Author Christopher Booker wrote a well-known book titled The Seven Basic Plots: Why We Tell Stories. Georges Polti authored The Thirty-Six Dramatic Situations, to categorize every dramatic situation that might occur in a story or performance. Writers study these lessons, and attempt to apply them to their own work, but then fall short of reading creative works to see how they might have been applied.
Reading another creative work while you are writing your own is no different than studying a textbook while writing your term paper. It’s incentivizing your writing. It gives more meaning, maybe better interpretation to your words to see how others have applied language.
We all know how it goes when someone tells a story to a friend, and then the friend tells another, then the friend tells another. Each time the story is different. The bones may be the same, but each story takes on a different flavor, takes a different direction, emphasizes a different lesson, maybe even creates different characters. No two storytellers tell a story alike.
You cannot accidentally plagiarize. But you can read something you like and mold it into a different animal. Every writer does that whether they admit it or not.
Austin Kleon wrote Steal Like an Artist, given to me by a good writing friend who knows how I feel about what is and isn’t plagiarism. I loved the book. It’s small, easily read, but if you take the time to dissect it, it’s jam packed with wisdom about the very subject of this editorial. Read it.
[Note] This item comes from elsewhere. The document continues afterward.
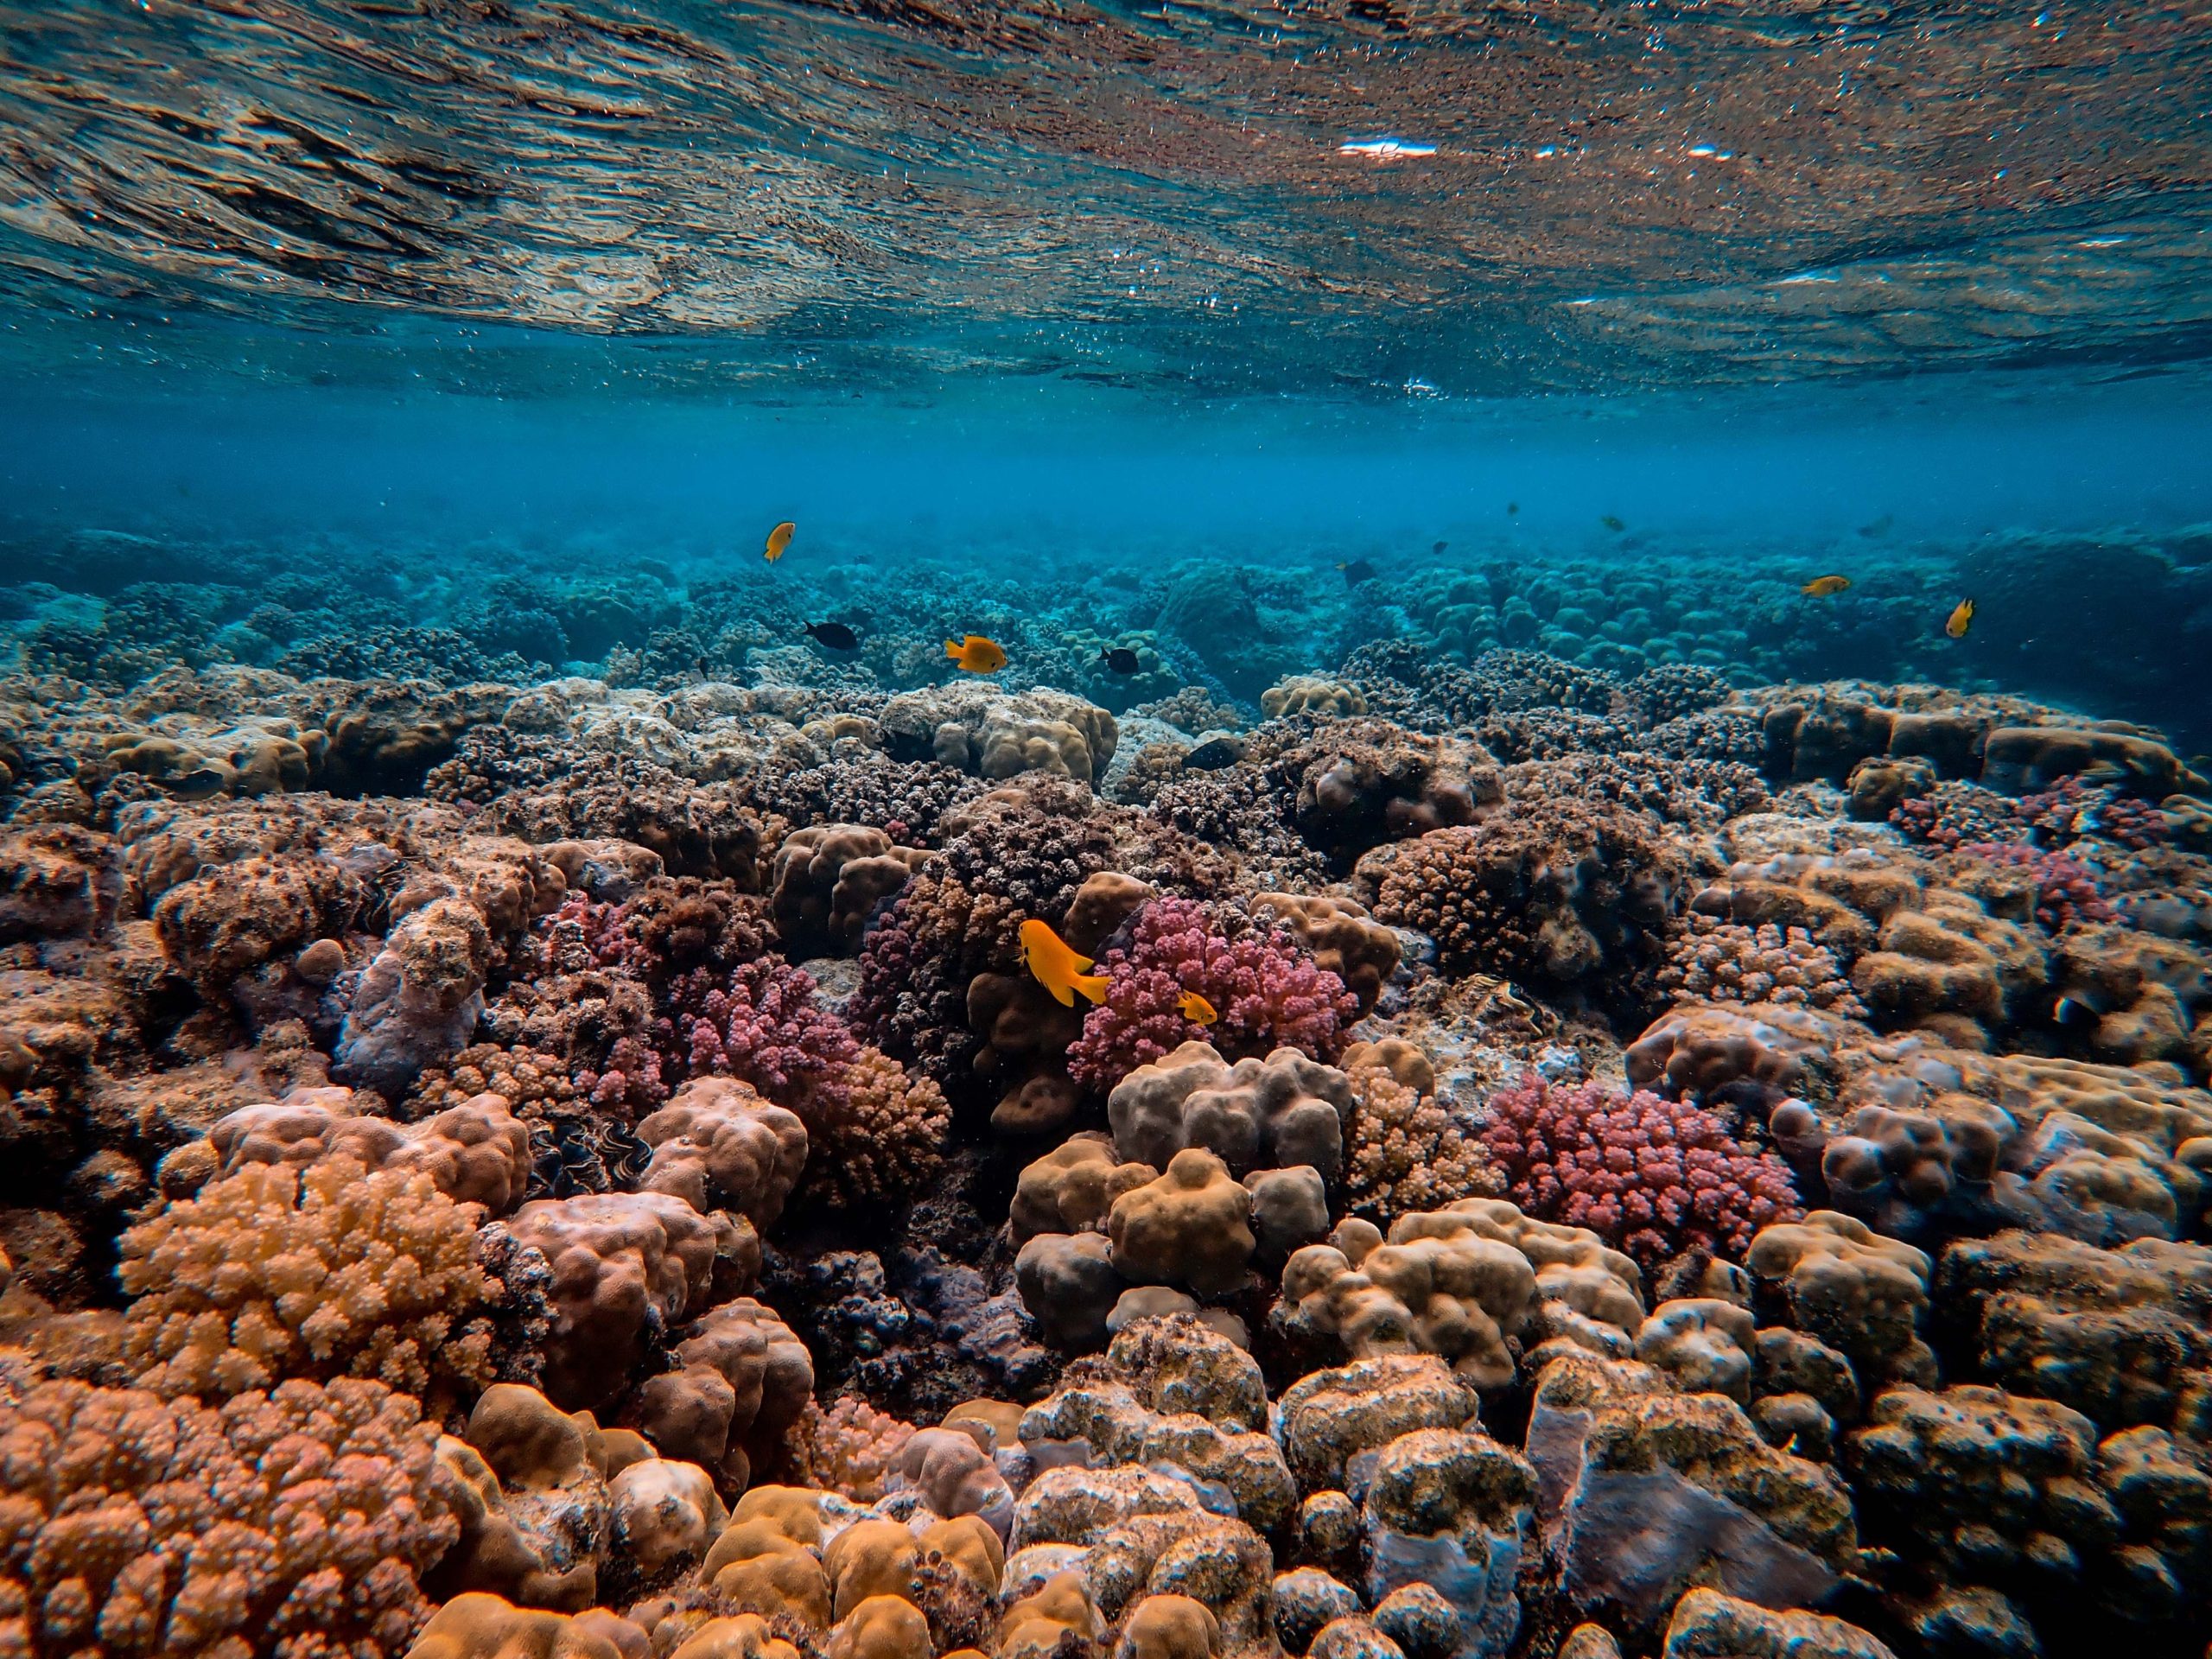 Fotografia do fundo do mar, com recifes de corais em diversos tons de rosa, laranja e amarelo.

And if you do not believe me, consider someone more famous and profound:
“Immature poets imitate; mature poets steal; bad poets deface what they take, and good poets make it into something better, or at least something different. The good poet welds his theft into a whole of feeling which is unique, utterly different from that from which it was torn.” ~T.S. Eliot
Martta Karol says
I have learned so much about writing fiction from reading novels, not just those that are well-written but also those that show how NOT to write. And now in a challenging revision process (4th, and a long literary novel), analyzing how other writers have successfully dealt with similar structural or other craft issues is extremely helpful. But I have noted one issue that seems to have developed as a result of my reading other novelists’ works as I’ve been writing mine: I have tended, at times, to unconsciously absorb and apply the voice of other writers to my work, thus making my own voice inconsistent and less authentic. Not always, but it’s happened. Maybe it’s just me, since I’m also a person who has been known to on occasion and totally unaware start talking with similar inflections, even accents, of people I am having a conversation with. Subtly, but still . . .
C Hope Clark says
Sounds like you know whether or not you are doing it, though. You’d identified the problem and can avoid it.
Martta Karol says
Well, hopefully. Sometimes, because the intrusion of the other’s voice is more subtle than glaring, I think I sense it but can’t quite get a handle on where it begins and ends, especially because I’ve read and reread the material so many times I can almost recite it verbatim–almost (my first draft came in at 600+ pages, so I’m doing a lot of whittling).
Love your newsletters, by the way. So much good information!